As described above, in the present invention, the force is applied in a non-contact manner,
It is not affected by other axes.

Further, since the actuator is an actuator that obtains a displacement due to an electrostatic attraction force by applying an electric field, it does not have a bad influence due to thermal strain on the mechanism portion due to heat generation unlike an electromagnet, and thus high accuracy can be achieved. Further, since it is sufficient to dispose the electrodes, there is an effect that the mechanism can be made compact and lightweight.

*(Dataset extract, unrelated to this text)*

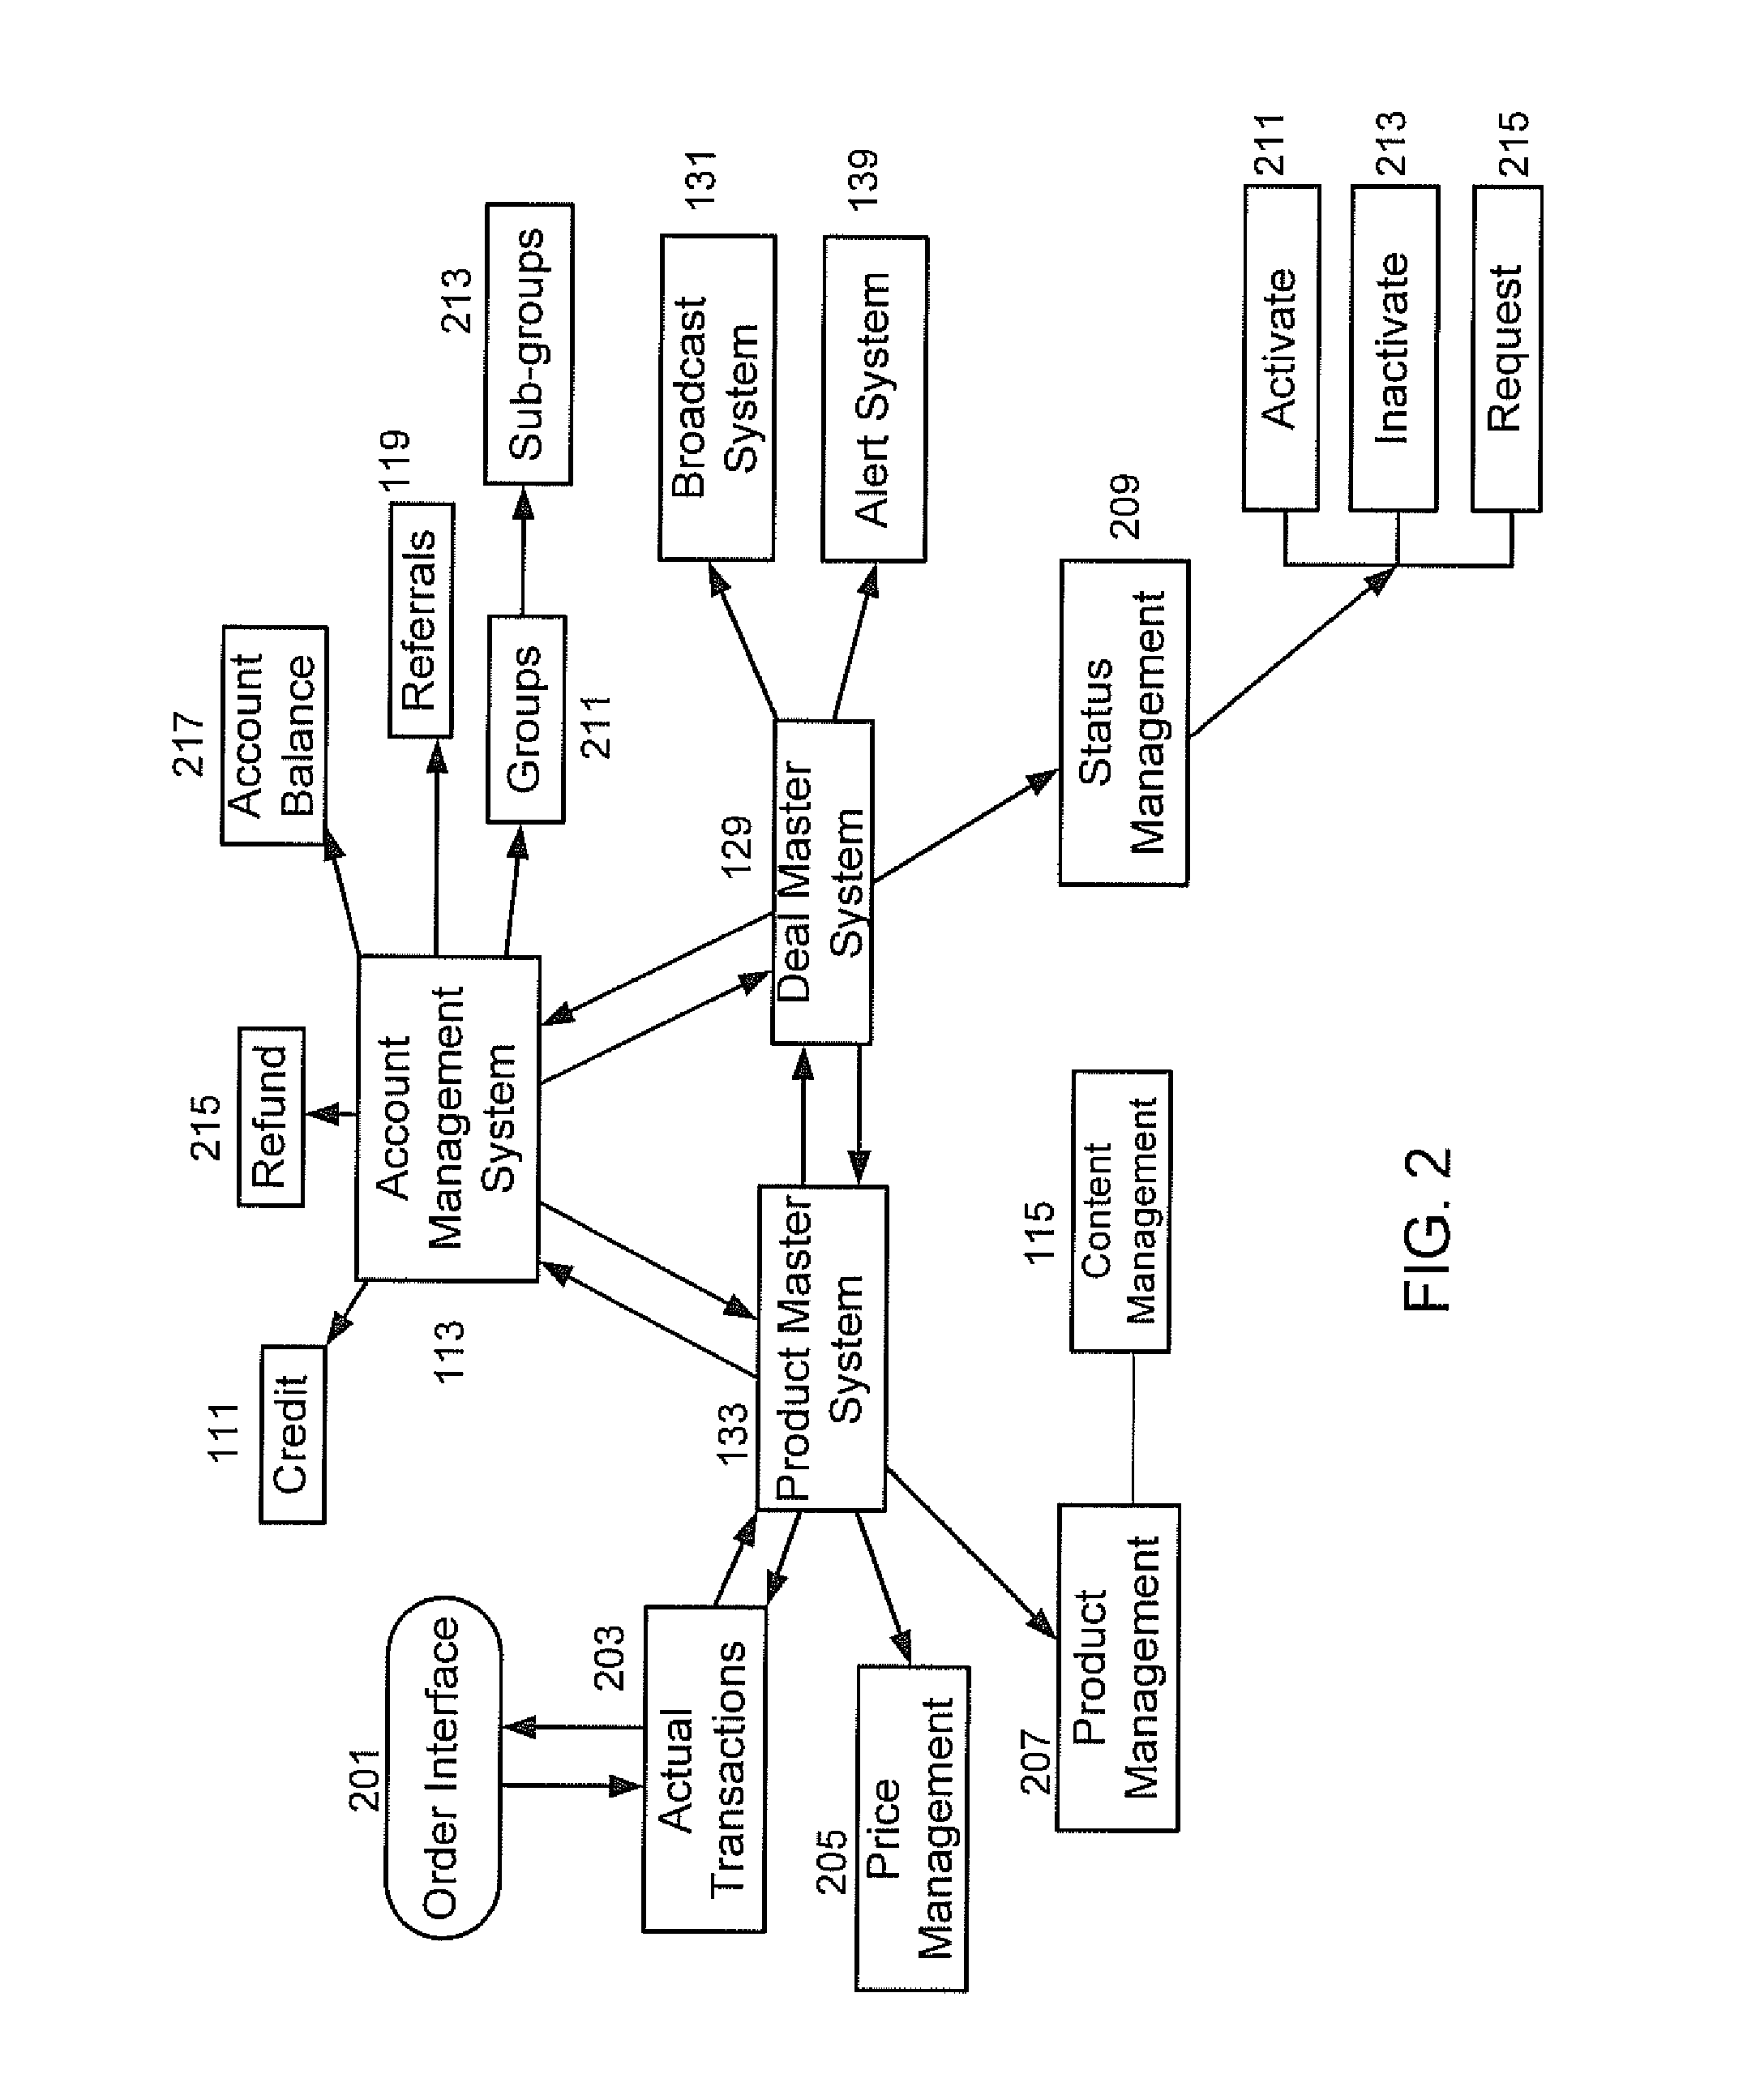 Electronic system and method for group purchasing promotions

[Brief description of drawings]

FIG. 1 is a schematic view of an embodiment of the present invention viewed from the top, FIG.
The figure shows an enlarged side view of the electrode part.
FIG. 4 is a cross-sectional view showing another embodiment, FIG. 5 is a plan view showing the construction of another embodiment, FIG. 6 is a schematic view of the other embodiment seen from above, and FIG. It is an expanded sectional view of an example. 1 ...... Stage 2 ...... Elastic spring 3 to 6 ...... Fixed side electrode 4 ', 6' ...... Fixed side electrode 7 to 10 ...... Movable side electrode 10 ', 12' ...... Movable side electrode 11 ...... Base 12 Insulating ferroelectrics 13 Flat bearing 14 Head 15 Recess 16 Post 17 Piezoelectric element 18 Parallel spring 19 Ball

Claims (3)

(57) [Claims] 1. A stage in which an electrode is provided at a central portion of each side of a polygon made of an insulating material, a plane bearing for supporting the stage in a plane, and a similar shape slightly larger than the polygonal stage in which the stage is housed. A hole is provided, and each side facing the electrode is provided with a base provided with an electrode in which a metal foil and a strong insulating dielectric material are laminated, and an elastic spring facing the electrostatic attraction force of the electrode and the electrode, Micro-small-amount moving stage device characterized by controlling voltage applied to electrodes 2. A fine moving stage apparatus according to claim 1, wherein an elastic spring is arranged in a space formed by the stage and the base. 3. A fine moving stage apparatus according to claim 1, wherein a recess is provided at the bottom of the center of the stage, a post of similar shape is provided in the recess, and an elastic spring is arranged between the recess and the post.